The sale of Del Monte Fresh Produce was announced by the administrators, Coopers & Lybrand, yesterday. No price was disclosed, but it is believed to be just under dollars 500m.

The purchaser is an investor group led by Grupo Cabal, an industrial and financial group with a controlling interest in Banco BCH, Mexico's largest commercial bank. Other members include Nacional Financiera, one of the largest Mexican banks.

The sale means that the banks which financed the dollars 875m acquisition of Del Monte by Polly Peck in December 1989 are likely to be repaid in full. About dollars 300m of the dollars 605m in loans is still outstanding, but the debts are ring-fenced from the rest of the group and are secured on Del Monte's assets.

The administrators had originally planned to float Del Monte in the US, but the plan was abandoned because of the uncertain state of the financial markets. Instead, Goldman Sachs conducted an auction of the business which, Del Monte said, attracted a great deal of interest.

Polly Peck collapsed with debts of more than pounds 1bn in September 1990. It is still uncertain how much of the remaining debt, which was not used for the Del Monte deal, will be repaid.
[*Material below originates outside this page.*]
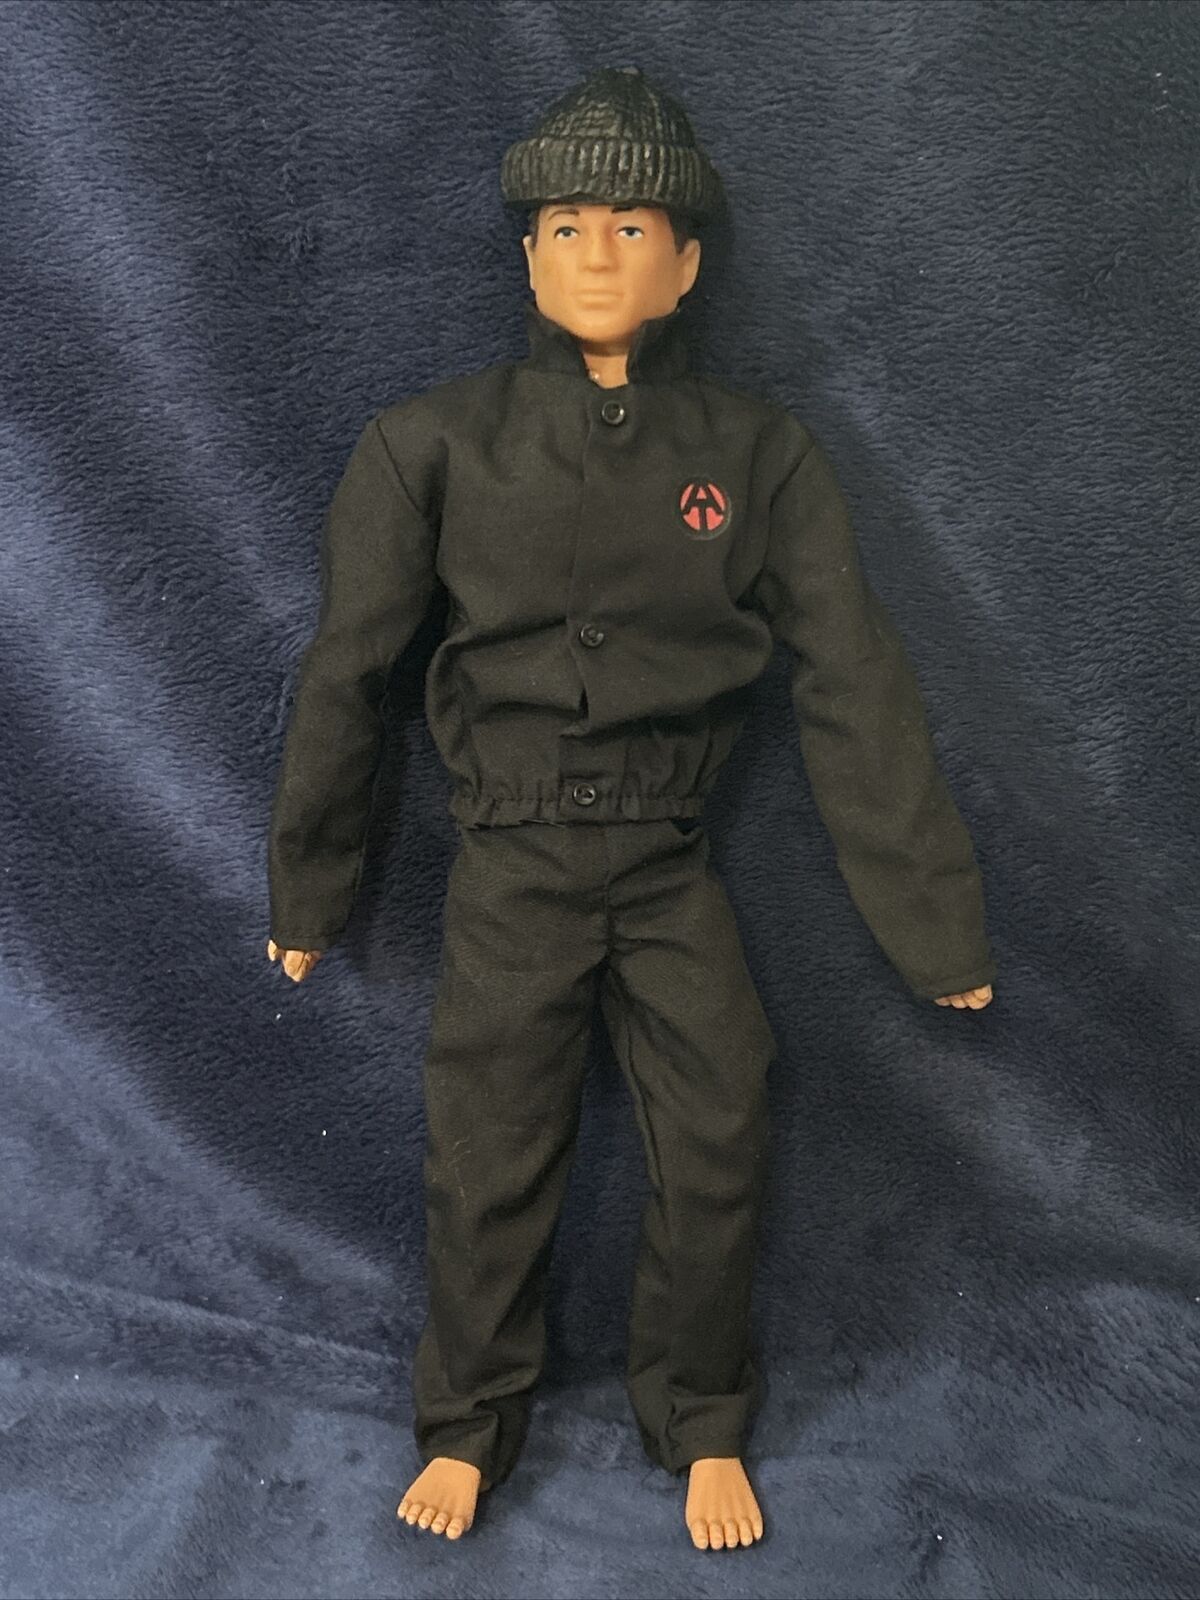 GI JOE ADVENTURE TEAM MAN OF ACTION W/ Kung Fu Grip, Hat, Blk Outfit, and Hair!￼

Asil Nadir, Polly Peck's former chairman, is now bankrupt and on bail facing charges of theft and false accounting of more than pounds 1bn. He also faces a claim from the administrators for the return of more than pounds 300m.

Del Monte, which has 14,000 employees, is one of the two largest pineapple suppliers and the third-largest banana marketer in the world. It also supplies other tropical fruit.

Brian Haycox, chief executive, said the deal would provide the capital and long-term support the group had been looking for.